The goal was to take advantage of the victims' Chrome browser's stored passwords, cookies, and other private information. While the attack for CVE-2024-4671 bore many parallels to other vulnerabilities developed by Intellexa, the exploit for CVE-2024-5274 is a slightly modified version of the one utilized by NSO Group for zero-day exploitation in May 2024.
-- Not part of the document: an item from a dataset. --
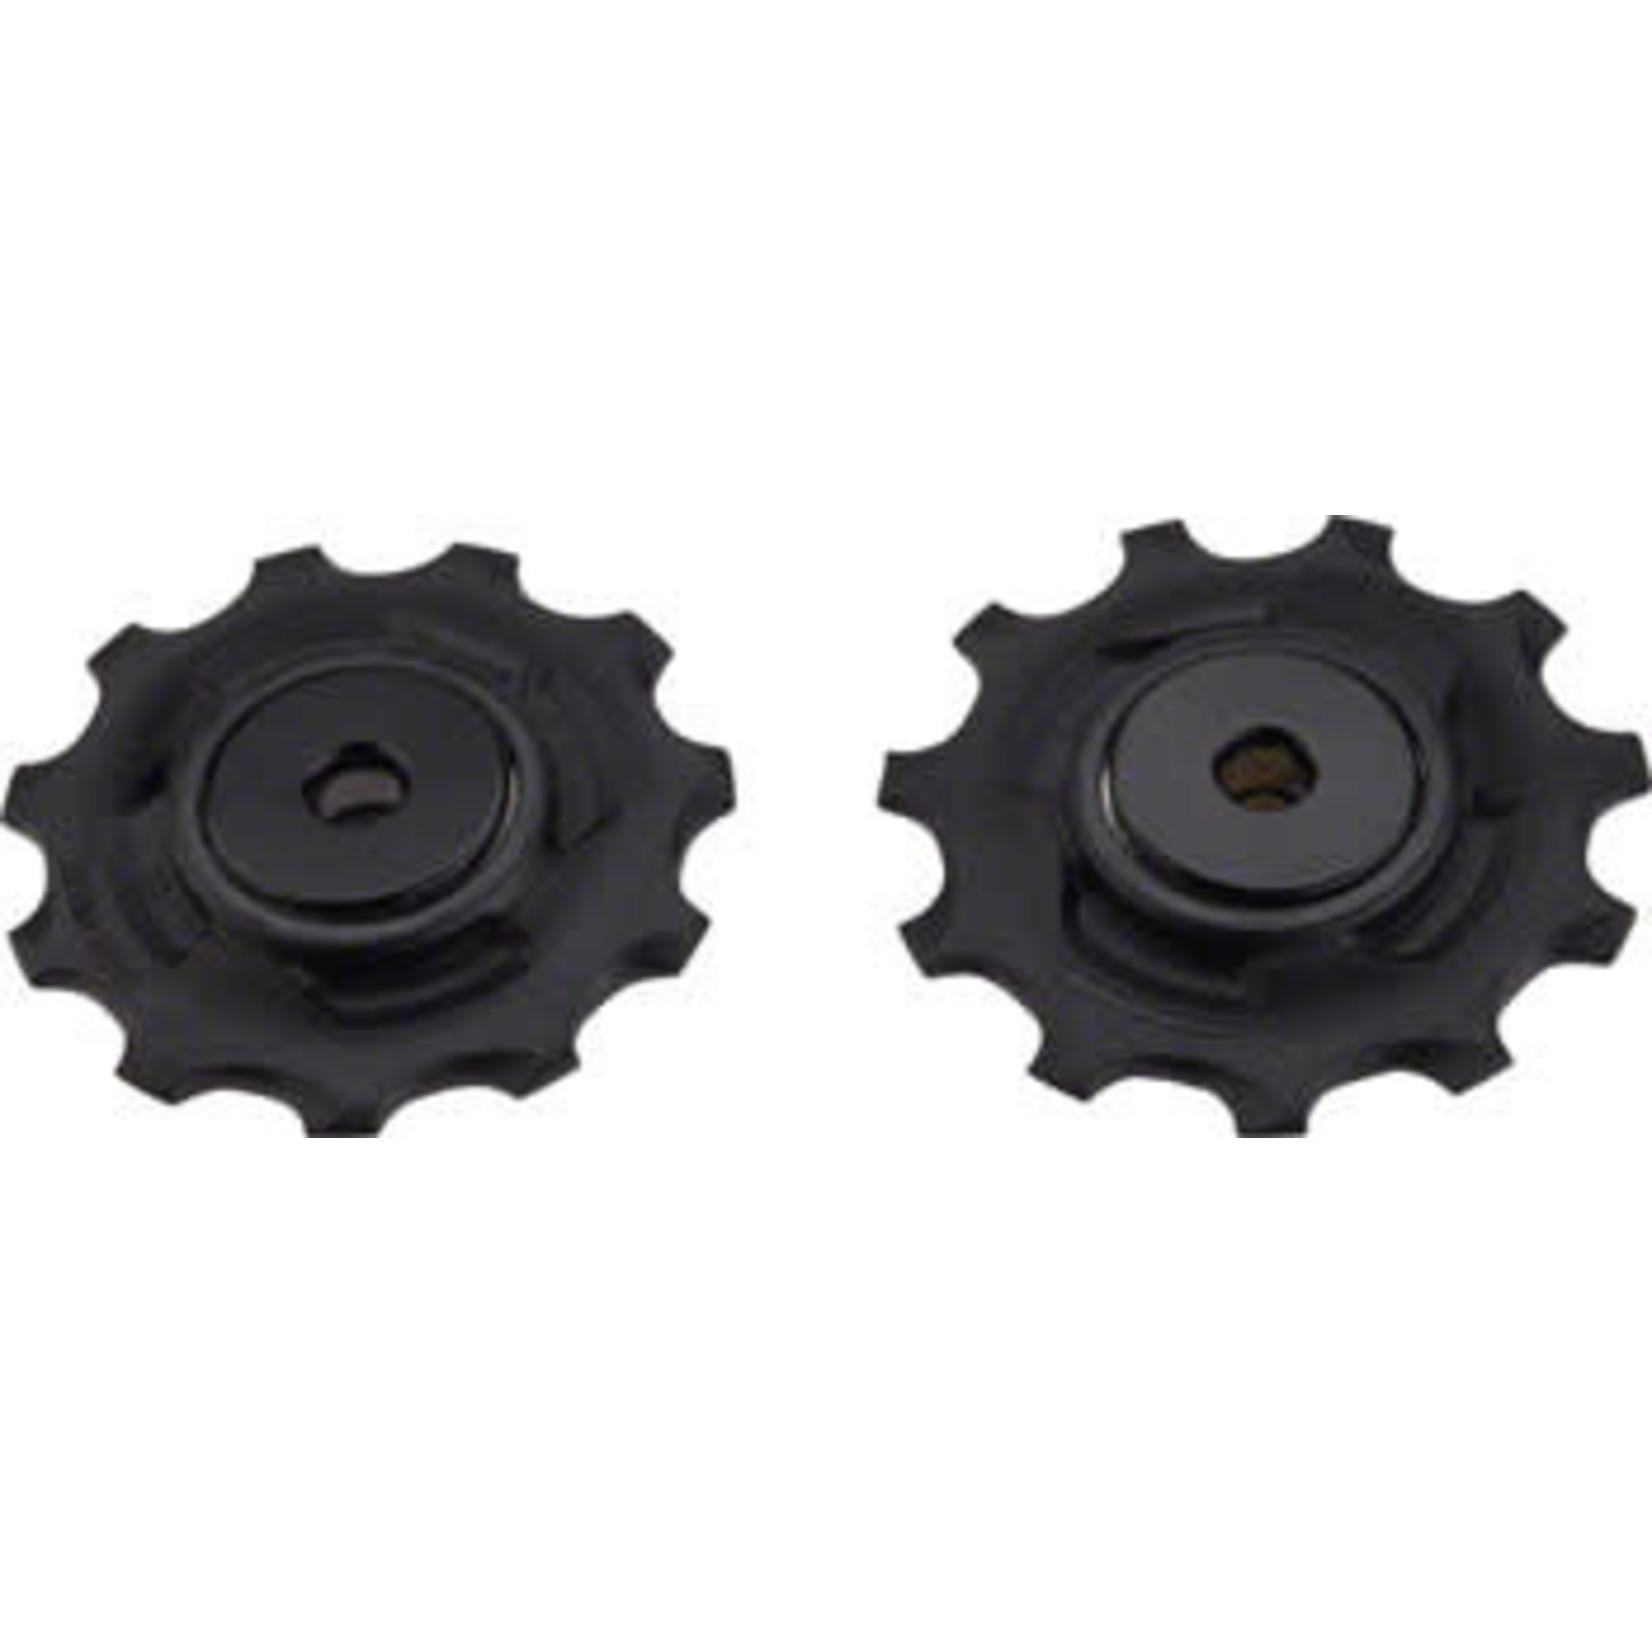 SRAM SRAM X9 and X7 Type2 Rear Derailleur Pulley Kit
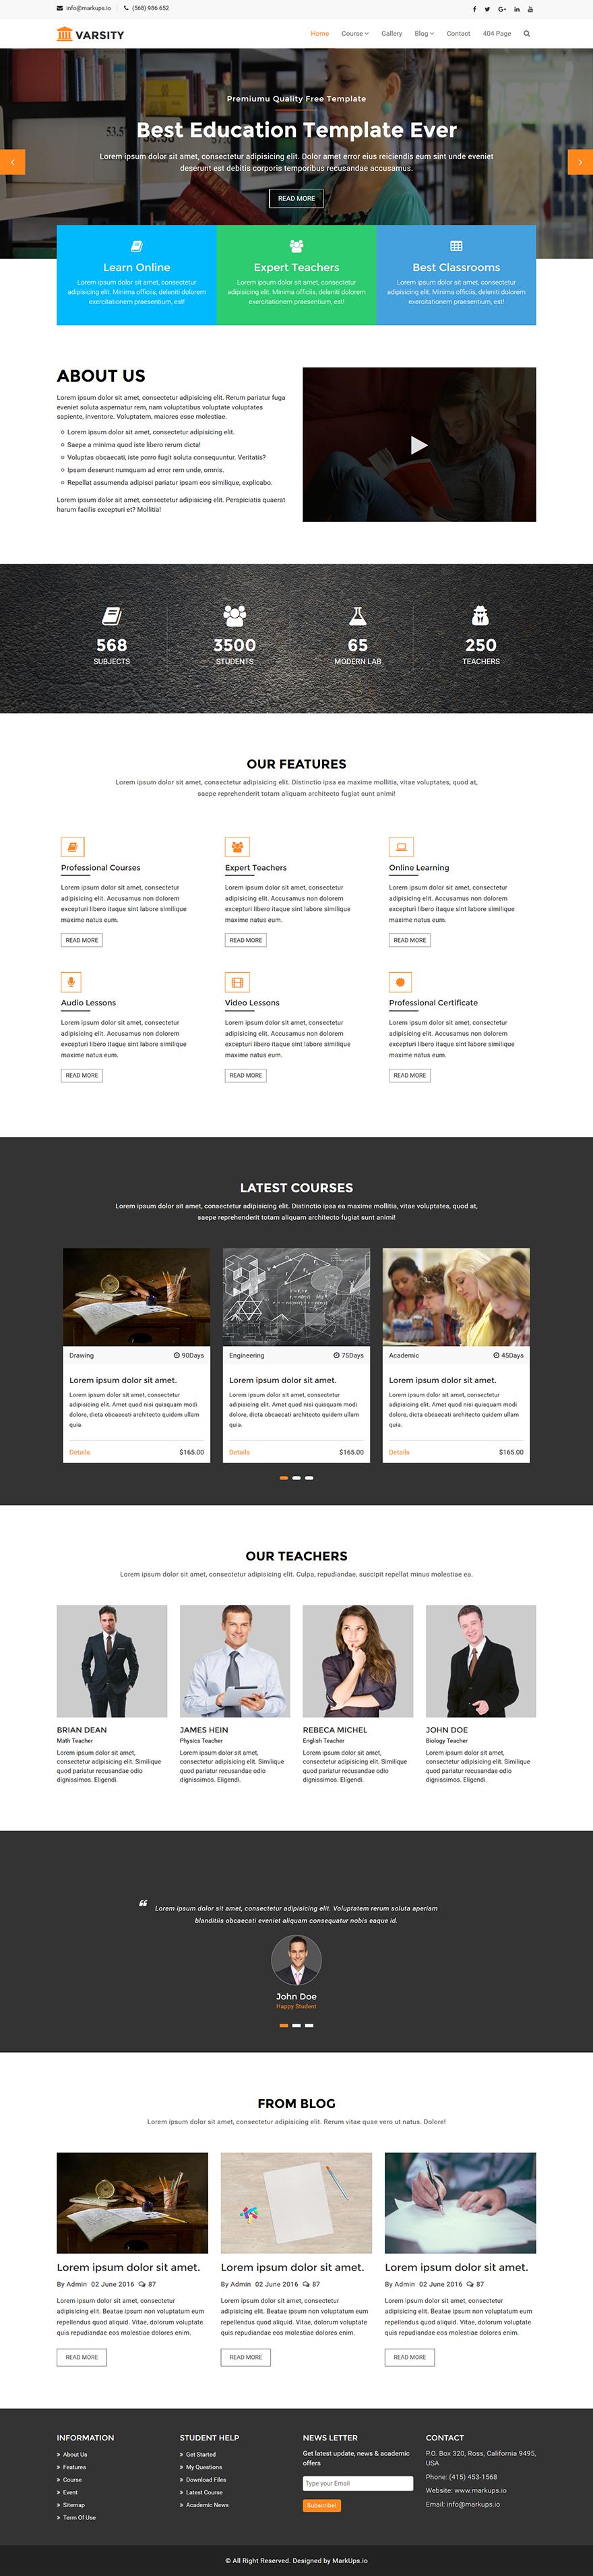 Free Education Website HTML Template - Varsity | Free education ...

It is unknown how the APT29 threat actors gained access to the exploits previously known only to NSO Group and Intellexa. However, independently creating their own exploits with the limited information seems unlikely. APT29 hacking spyware suppliers, hiring or bribing rogue insiders at those companies, or continuing a partnership directly or through a middleman are among the theories that could be put up.
Buying them from a vulnerability broker who previously sold them to surveillance corporations as zero-days is another option. The important thing is that these exploits reach sophisticated threat organizations supported by states, regardless of how they do so. This means that it is much more crucial than the general public may assume to quickly fix zero-day vulnerabilities that advisories classify as 'under limited scope exploitation'.
Impact
- Unauthorized Access
- Cyber Espionage
- Code Execution
- Data Theft
Indicators of Compromise
URL
- https://ceo-adviser.com/fb-connect.php?online=1
- https://track-adv.com/market-analytics.php?pc=1
- https://track-adv.com/analytics.php?personalization_id
MD5
- b60252816f727be830de36a425740a5e
SHA-256
- 8bd9a73da704b4d7314164bff71ca76c15742dcc343304def49b1e4543478d1a
SHA-1
- 75eef1d07f095f59464bcf2d8f1de71daa1bf1e5
Remediation
- Block all threat indicators at your respective controls.
- Search for indicators of compromise (IOCs) in your environment utilizing your respective security controls.
- Apply the latest security patches and updates to the email server software and associated components to address any vulnerabilities that may have been exploited by APT29. Also, prioritize patching known exploited vulnerabilities and zero-days.
- Perform comprehensive security audits on the email server infrastructure to identify and address any potential weaknesses. This includes reviewing server configurations, access controls, and encryption protocols to ensure they meet industry best practices.
- Emails from unknown senders should always be treated with caution. Never trust or open links and attachments received from unknown sources/senders.
- Enable 2FA for user accounts on the email server to add an extra layer of security. This prevents unauthorized access even if usernames and passwords are compromised.
- Maintain cyber hygiene by updating your anti-virus software and implementing a patch management lifecycle.
- Implement network segmentation to isolate critical systems and sensitive data from the rest of the network. This limits the lateral movement of attackers in case of a breach and reduces the impact of potential future attacks.
- Implement a regular backup strategy for email servers and critical data. Ensure that backups are stored securely and regularly tested for data restoration.